Current biological experimentation automation faces critical bottlenecks, including poor adaptability of large language models (LLMs) and vision-language models (VLMs), limited fault tolerance, and operational complexity. To address these challenges, this work introduces the first autonomous experimental platform integrating LLMs, VLMs, and a modular robotic system, implemented via a hierarchical multi-agent architecture comprising biologist, technician, and inspector agents. The platform enables dynamic experimental design, context-aware optimization, and real-time anomaly detection. Technically, it incorporates retrieval-augmented generation, multimodal perception, robot-oriented pseudocode generation, and a lightweight anomaly identification algorithm, supported by modular hardware and a human-in-the-loop web interface. Evaluated on retinal pigment epithelium organoid differentiation, the system achieves or exceeds human performance in cell viability, morphological integrity, and batch consistency—demonstrating robustness and generalizability in real-world laboratory settings.
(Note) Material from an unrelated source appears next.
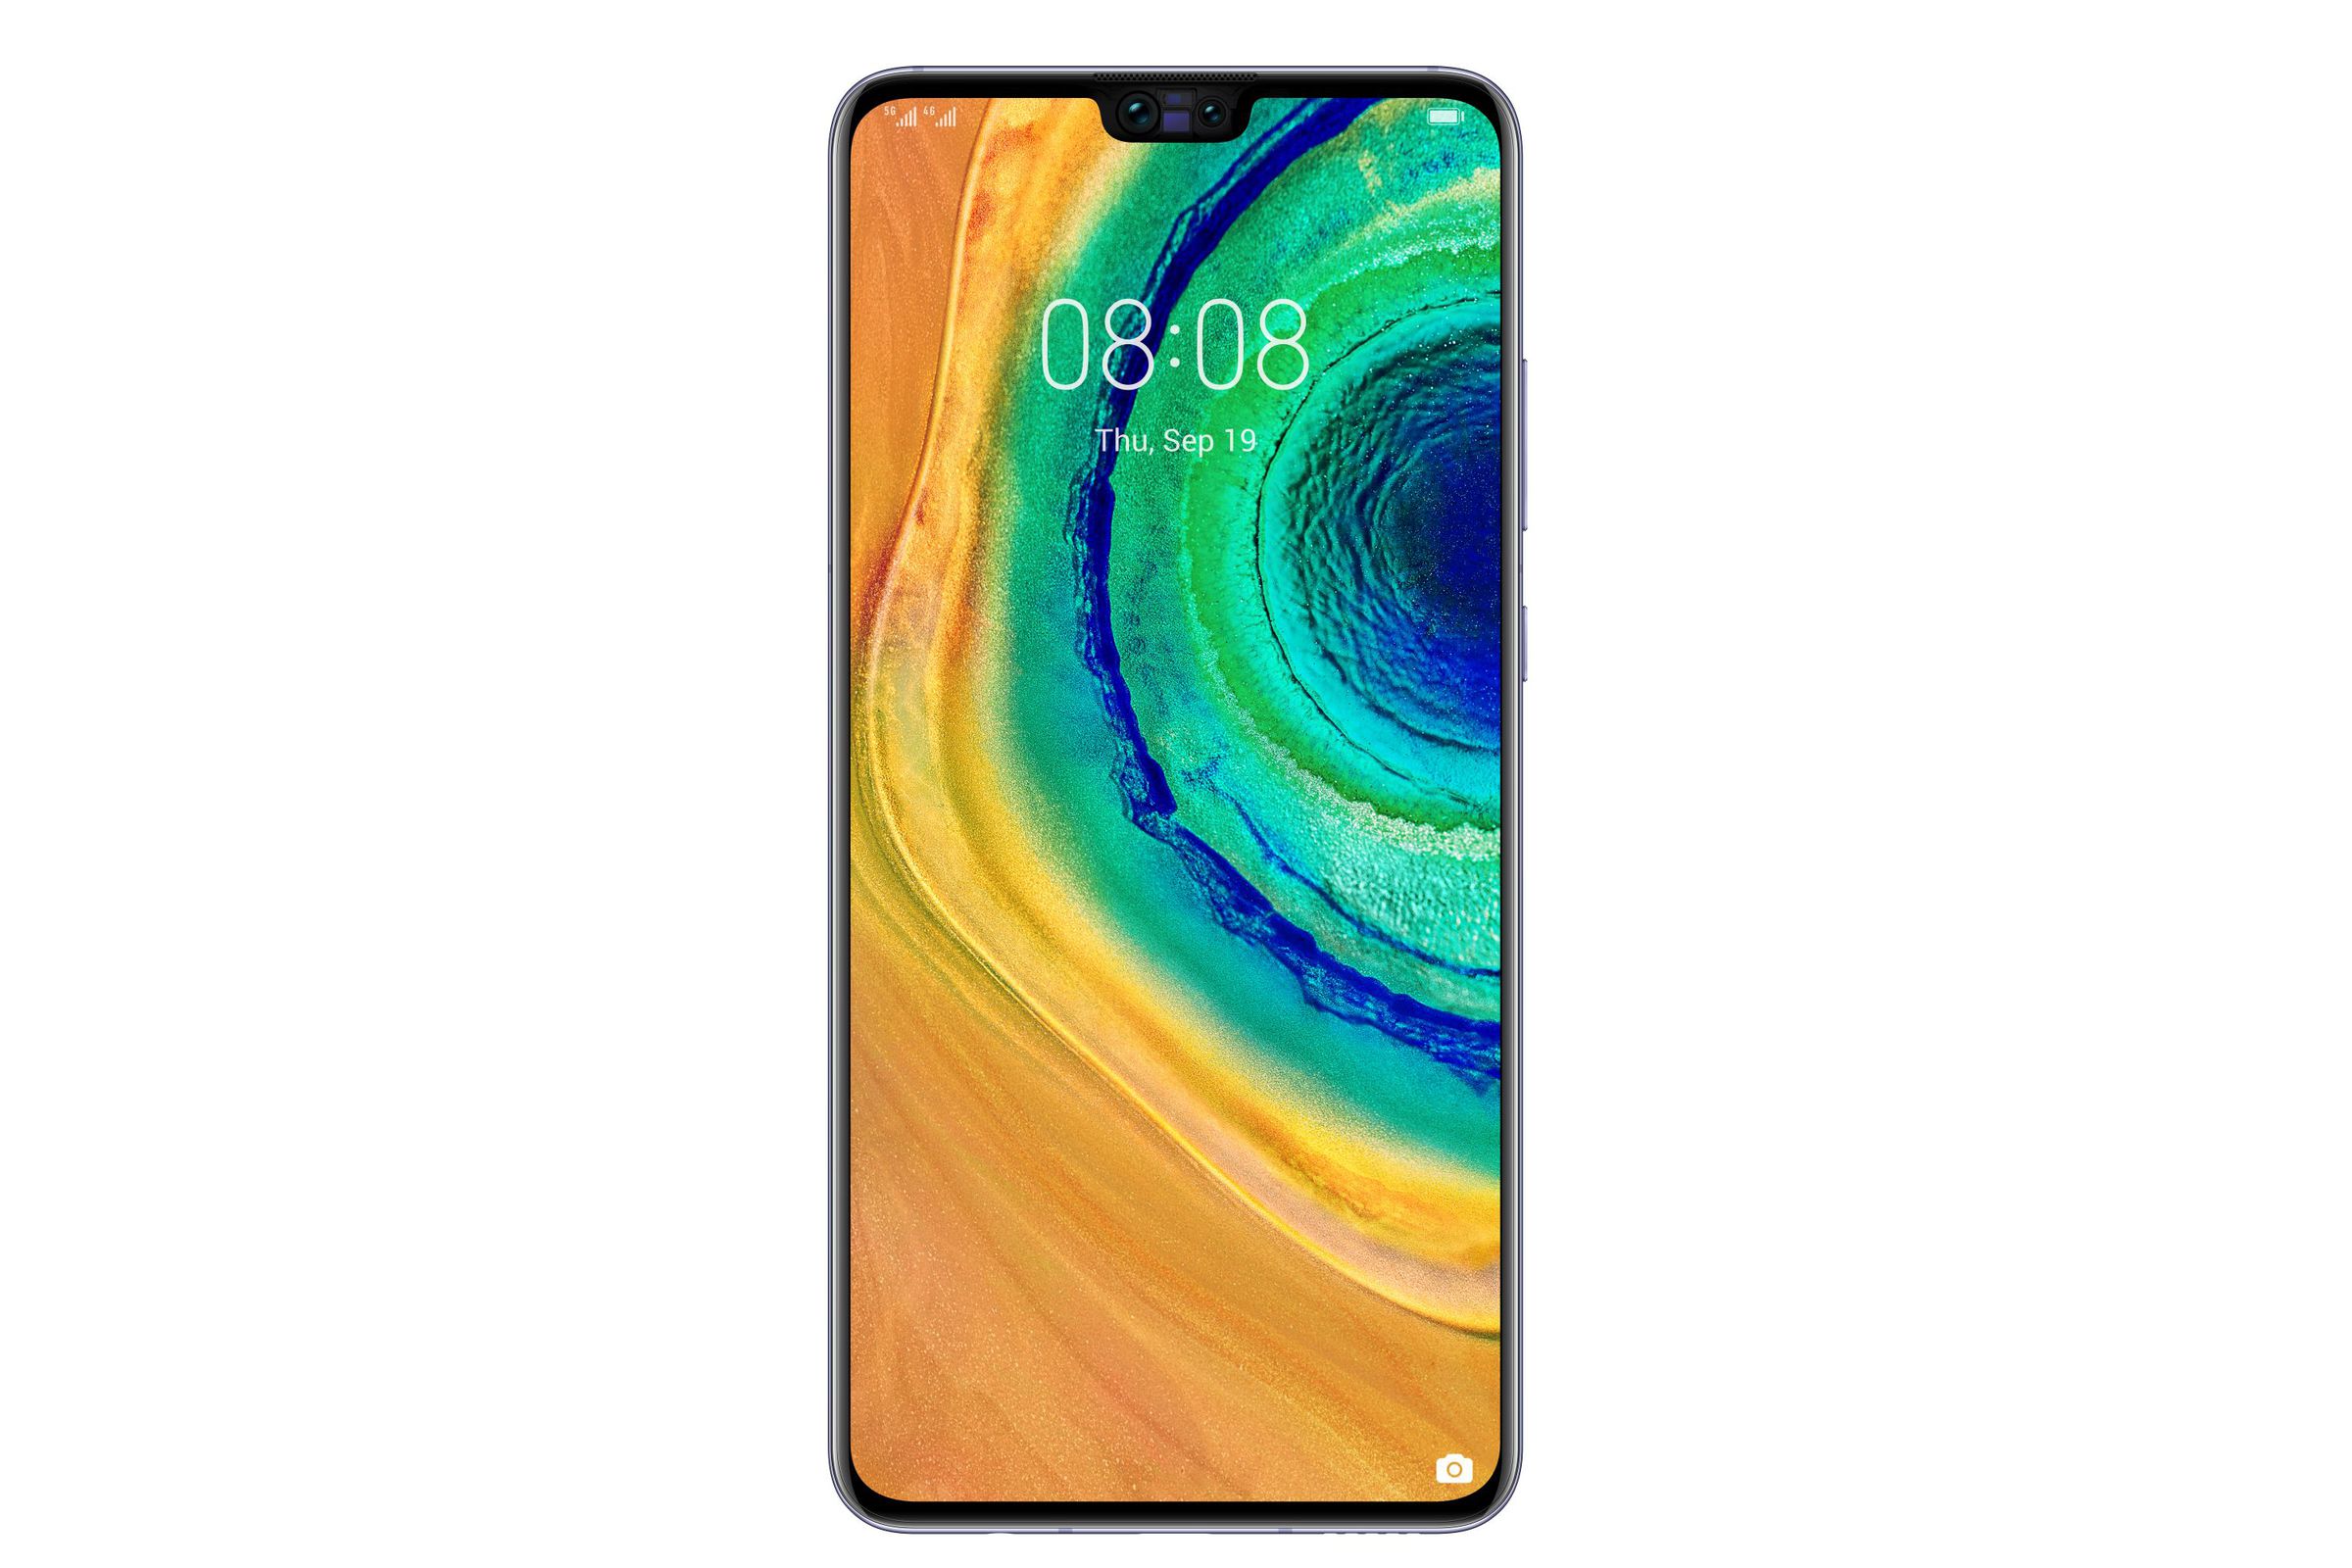 The regular Mate 30 looks to have a smaller notch and no curved display.

Large language models (LLMs) and vision-language models (VLMs) have the potential to transform biological research by enabling autonomous experimentation. Yet, their application remains constrained by rigid protocol design, limited adaptability to dynamic lab conditions, inadequate error handling, and high operational complexity. Here we introduce BioMARS (Biological Multi-Agent Robotic System), an intelligent platform that integrates LLMs, VLMs, and modular robotics to autonomously design, plan, and execute biological experiments. BioMARS uses a hierarchical architecture: the Biologist Agent synthesizes protocols via retrieval-augmented generation; the Technician Agent translates them into executable robotic pseudo-code; and the Inspector Agent ensures procedural integrity through multimodal perception and anomaly detection. The system autonomously conducts cell passaging and culture tasks, matching or exceeding manual performance in viability, consistency, and morphological integrity. It also supports context-aware optimization, outperforming conventional strategies in differentiating retinal pigment epithelial cells. A web interface enables real-time human-AI collaboration, while a modular backend allows scalable integration with laboratory hardware. These results highlight the feasibility of generalizable, AI-driven laboratory automation and the transformative role of language-based reasoning in biological research.